Come eliminare le alghe dalla piscina

Le alghe sono minuscoli esseri unicellulari (o pluricellulari, a seconda delle tipologie) che si riproducono ad una velocità esponenziale a seconda della quantità di luce solare, acqua e calore a loro disposizione. E’ dunque facile capire come d’estate, quando la luce e il calore sono al massimo, la riproduzione delle alghe diventi un fenomeno naturale e talvolta difficilmente controllabile.
E’ quindi necessario agire continuamente sulla produzione di alghe, dato che le spore di questi organismi vengono trasportate in moltissimi modi fino all’acqua della piscina (con la polvere del vento, anche da orti o giardini adiacenti, o tramite l’acqua dei pozzi che rispetto a quella di acquedotto contiene una quantità elevatissima di spore che una volta in superficie e a contatto con la luce, crescono rapidamente). Anche semplicemente tagliando l’erba del prato adiacente alla piscina si rischia di far entrare in acqua polvere e spore, mentre piante poste nelle vicinanze lasciano cadere nell’acqua mucillaggine e polline che nutrono le alghe.
Le alghe possono essere di vari tipi; vi sono le alghe verdi, ricche di clorofilla, quelle nere e grigiastre (che di preferenza di attaccano alle superfici piastrellate e tra le fughe della pavimentazione), le infiorescenze miste a ferro rossastre e brune. Vi sono poi alghe che crescono libere in tutto lo specchio d’acqua o quelle che si attaccano di preferenza alle pareti, quelle che si insediano sugli attrezzi della piscina (scalette, bordi ecc) e quelle che colpiscono prevalentemente gli angoli meno raggiunti dal ricambio dell’acqua. Infatti uno dei modi principali per scongiurare la formazione di alghe nelle piscine non è solo quello di usare i giusti prodotti, ma assicurarsi soprattutto che questi vengano distribuiti uniformemente e in modo continuativo in tutto lo specchio d’acqua. Per questo motivo è essenziale studiare attentamente la collocazione dei bocchettoni di passaggio dell’acqua di ricambio, e fare in modo che i prodotti circolino anche negli skimmer e nei filtri, terreno fertile per la proliferazione di alghe.

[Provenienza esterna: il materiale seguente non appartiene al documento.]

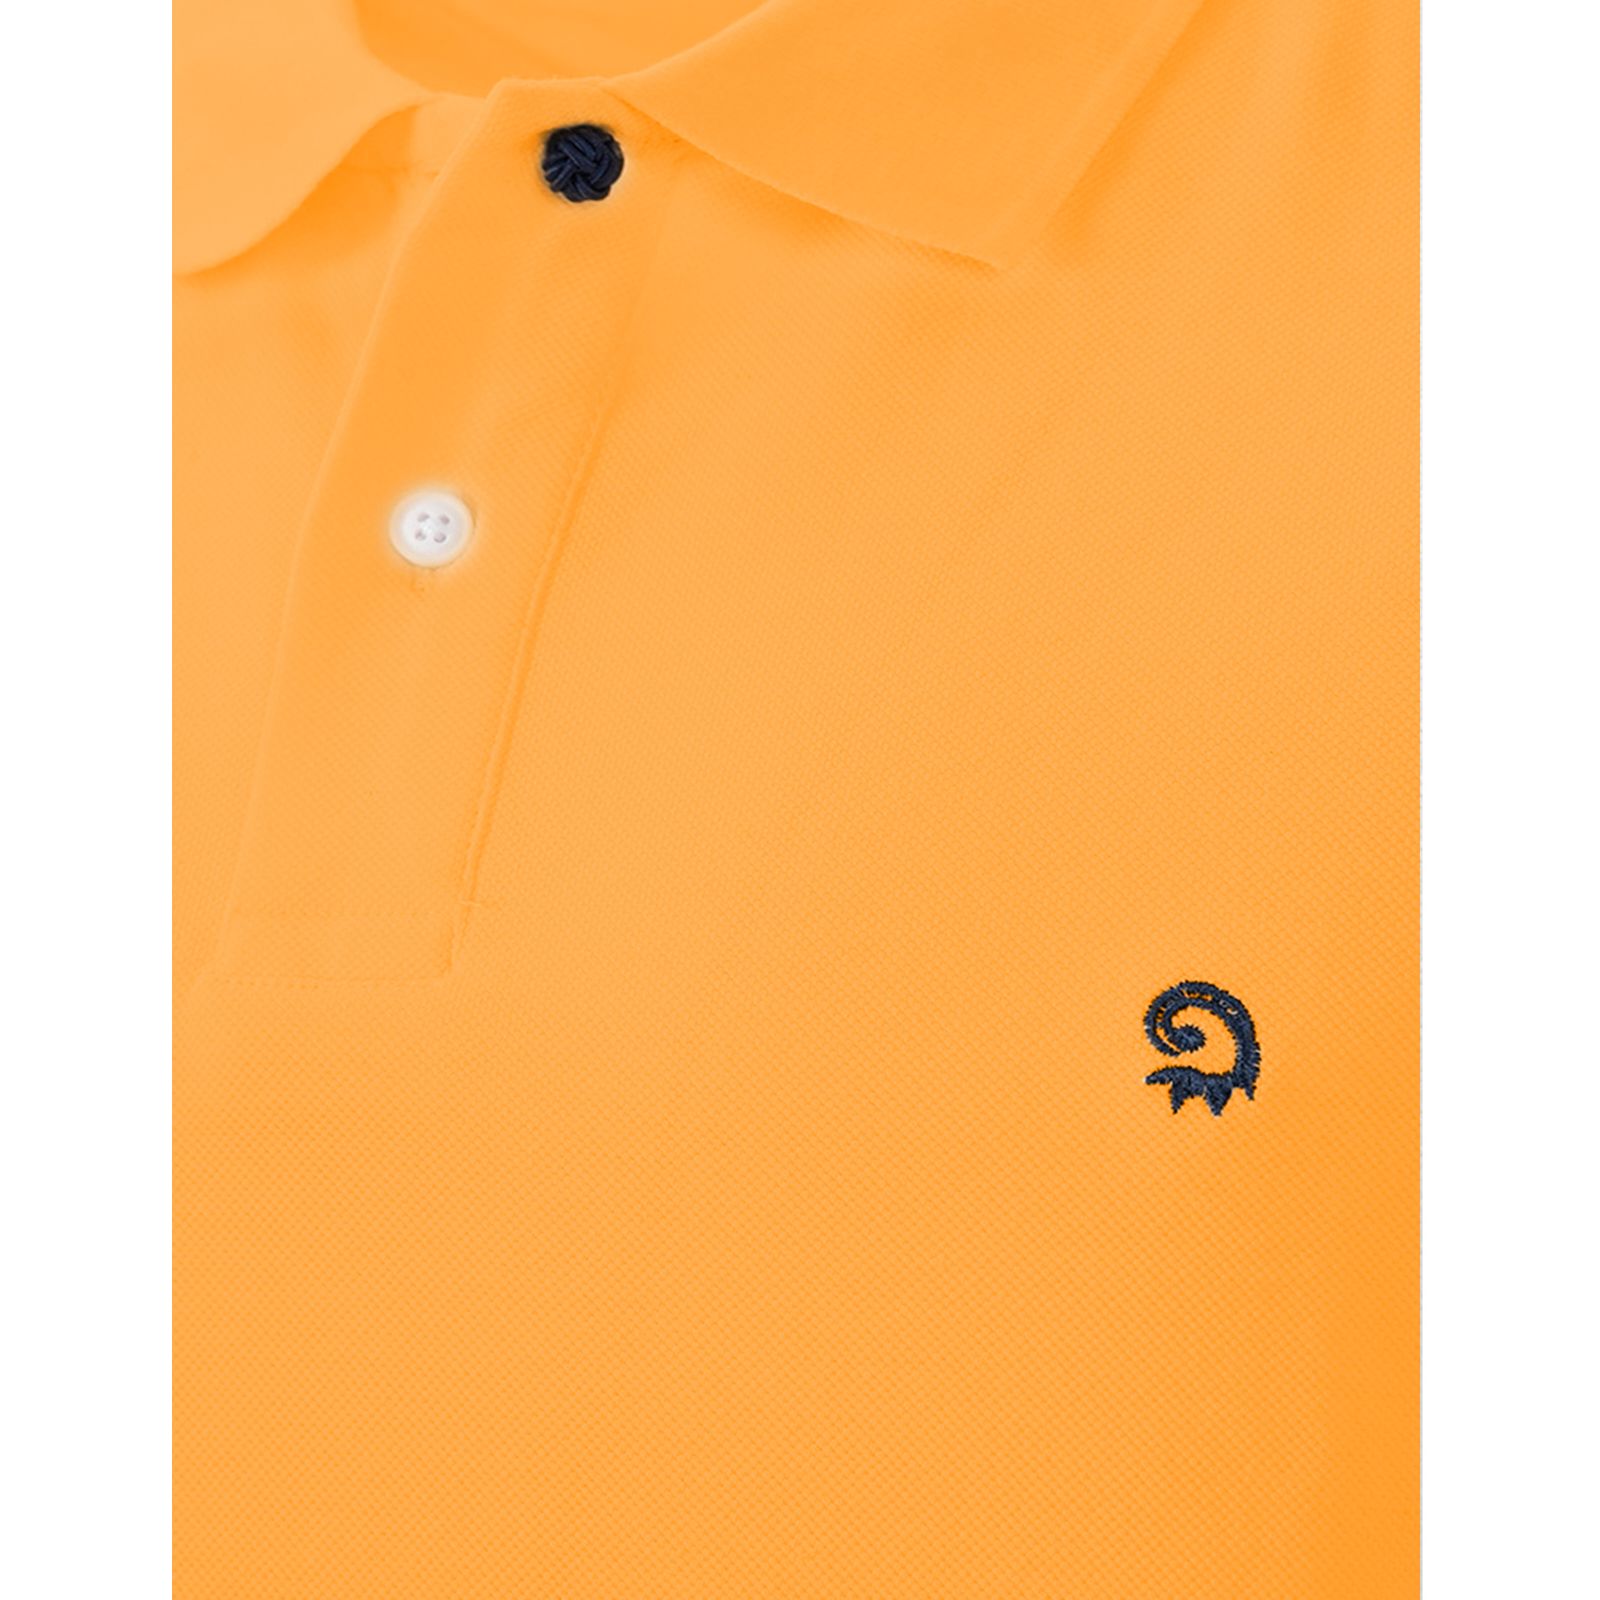 پولوشرت آستین کوتاه مردانه بادی اسپینر مدل 06960358 کد 3 رنگ زرد -  - 4

Una volta studiato un buon sistema di ricambio, i prodotti da usare sono di norma quattro; prima di tutto ci si deve dotare di un rilevatore di ph (che misura l’alcalinità dell’acqua, che deve attestarsi sui 7 gradi francesi –acqua denominata “dolce”-), un disinfettante a base di cloro per sanitizzare l’acqua, un prodotto per aumentare e uno per abbassare il ph dell’acqua qualora fosse diverso da quello consigliato. Il cloro va aggiunto regolarmente all’’acqua, per mantenerla pulita e sanitizzata, ma senza oltrepassare le dosi consigliate; in questo caso si avrà l’’inconveniente di una balneazione spiacevole e irritante.
Inoltre già mantenere il ph corretto evita la formazione di alghe e depositi calcarei (macchie grigie), ma all’’occorrenza, quando le macchie di alghe sono molto evidenti, è necessario agire con una clorazione supplementare (in genere effettuando un trattamento con 30 gr di cloro per metro cubo di acqua). E’ necessario a questo punto rimuovere i residui con una spazzola dura e far circolare l’impianto fino al ripristino delle condizioni ottimali (48/52 h).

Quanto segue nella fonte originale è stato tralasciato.